Taylor was not alone in his loneliness. On the 1978-79 tour of Australia, Brearley made 37 runs from six Test innings. In the Third Test, which England lost, the captain made 0 and 1. He considered dropping himself from the fourth but was quickly talked out of it by Bob Willis, the senior pro, and Doug Insole, the manager. It helped that England were 2-1 up in the series at the time and the Australians were hobbled by the absence of their Packer defectors. The captain's lack of runs was masked by the success of the team.

Four years earlier, Mike Denness had not been so lucky. Caught in a barrage of bouncers from Lillee and Thomson, with a dressing-room which, as he says, "looked more like Emergency Ward Ten" and a team desperately low on morale, his own supply of runs dried up. Two-nil down, with one Test drawn, he dropped himself from the Fourth Test. John Edrich took over the captaincy.

"We had to get back into the series and I was out of form, so, in a sense, it wasn't a difficult decision," Denness recalled. "Mark Taylor's situation is a little different.
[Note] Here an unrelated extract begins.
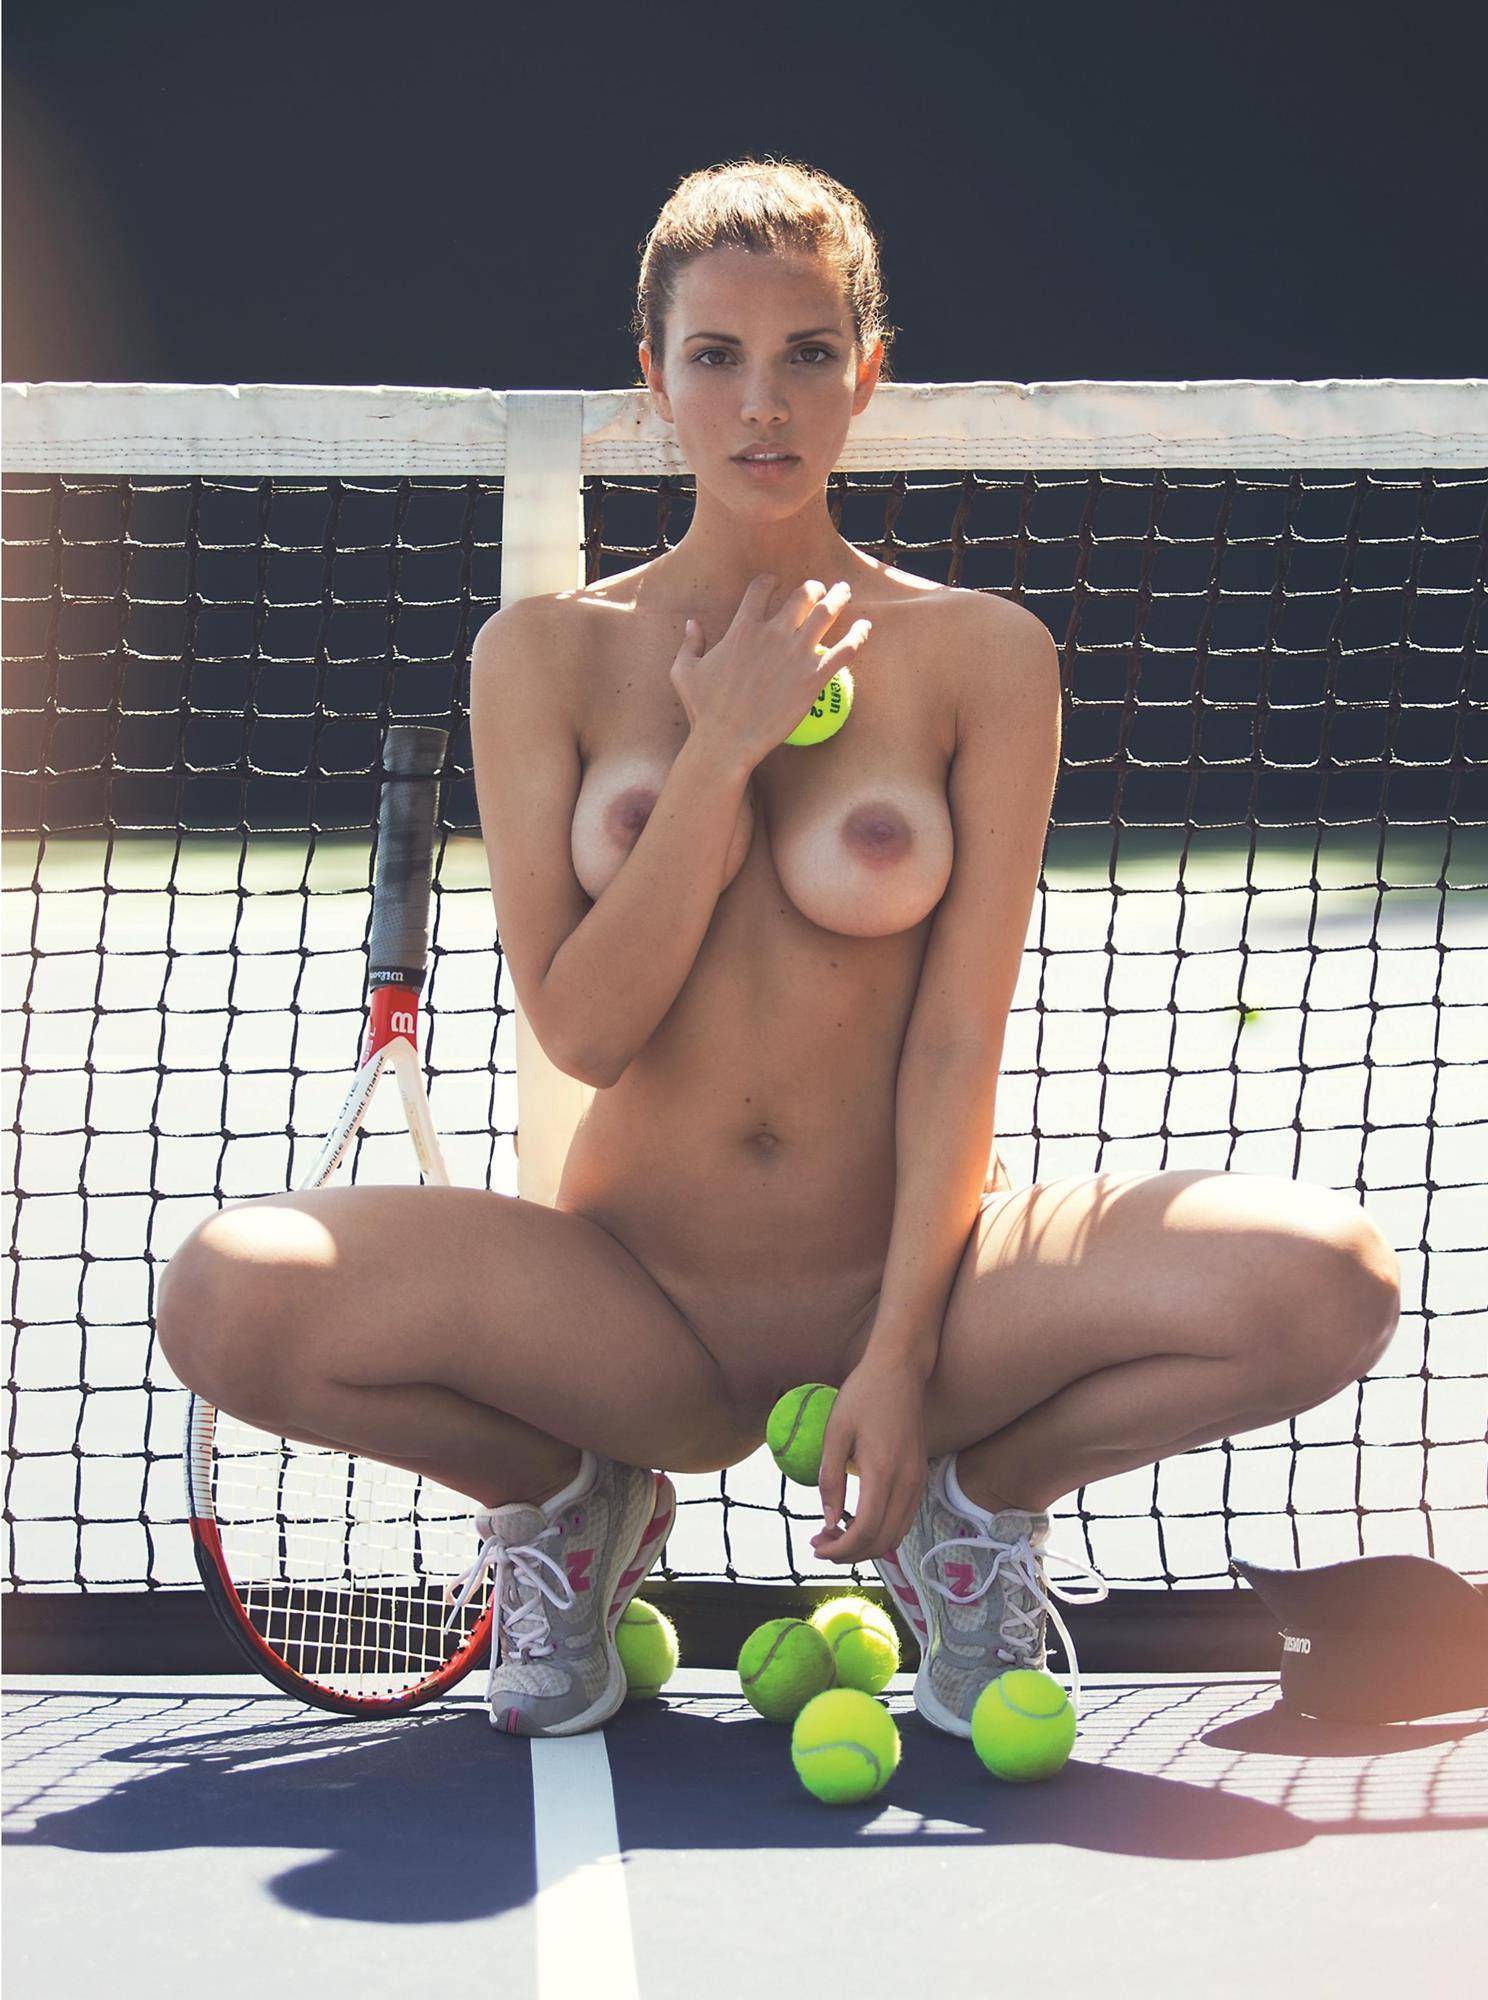 ebut-zhopu-izvestnie-sportsmenki-i-aktrisi-porno-anal-odnu

He's built Australia into the strongest team in the world without getting any runs himself. But if the team starts losing, I'm absolutely certain they'll pull him out. Being a touring captain when you're not doing well and the team's not doing well is ten times worse than not doing well personally in a winning team.

"When you're not in form yourself, your mind tends not to be focused 100 per cent on your captaincy. You maybe delay decisions four or five overs longer than you would do otherwise; you're not as sure of yourself. When you're making runs and bubbling with confidence, you make changes instantly and expect them to work.

"Once you are no longer captain on the field, how much do you get involved? I decided to leave it all to John Edrich, so I sat by the pool on the opening morning listening to the radio. But I couldn't stand it, so I went to the ground. It was a very lonely time and one of the longest Test matches of my life."

The support of his troops will continue to be critical to Taylor just as it was to Atherton in Zimbabwe. The side has enough maturity to cope and he is not out of the woods. The Australians have traditionally picked a side first and a captain second, and carrying a non-playing captain smacked of a quaint English ideal. So far, they have lived with it, but defeat will sharpen attitudes.

Brearley recalls inviting Tony Greig to tea in his room once during his run of poor form on the '78-79 tour. Greig remarked what a coincidence it was that Denness should have had the same room on the previous tour. It was not even true. A few similar barbs, real or imagined, will start to undermine Taylor's authority, even in simple things like the team talk.

"The thing about both Atherton and Taylor is that they both play in critical positions for their sides," said John Barclay, a former captain of Sussex who watched Atherton's personal struggles at close hand as manager of England's winter tour. "It's not as if they can drop down the order to regain their form. Michael's setbacks in the winter were enormously strengthening. He learned what it's like to give everything every day and still have your off-stump knocked out. His resolve was incredible."

Mark Taylor might take heart from that. Or even from the record of one of his predecessors, the Maharaja of Porbander, who captained the All- India touring side to England as a batsman in 1932. In six innings, he made six runs, one for each of his Rolls-Royces.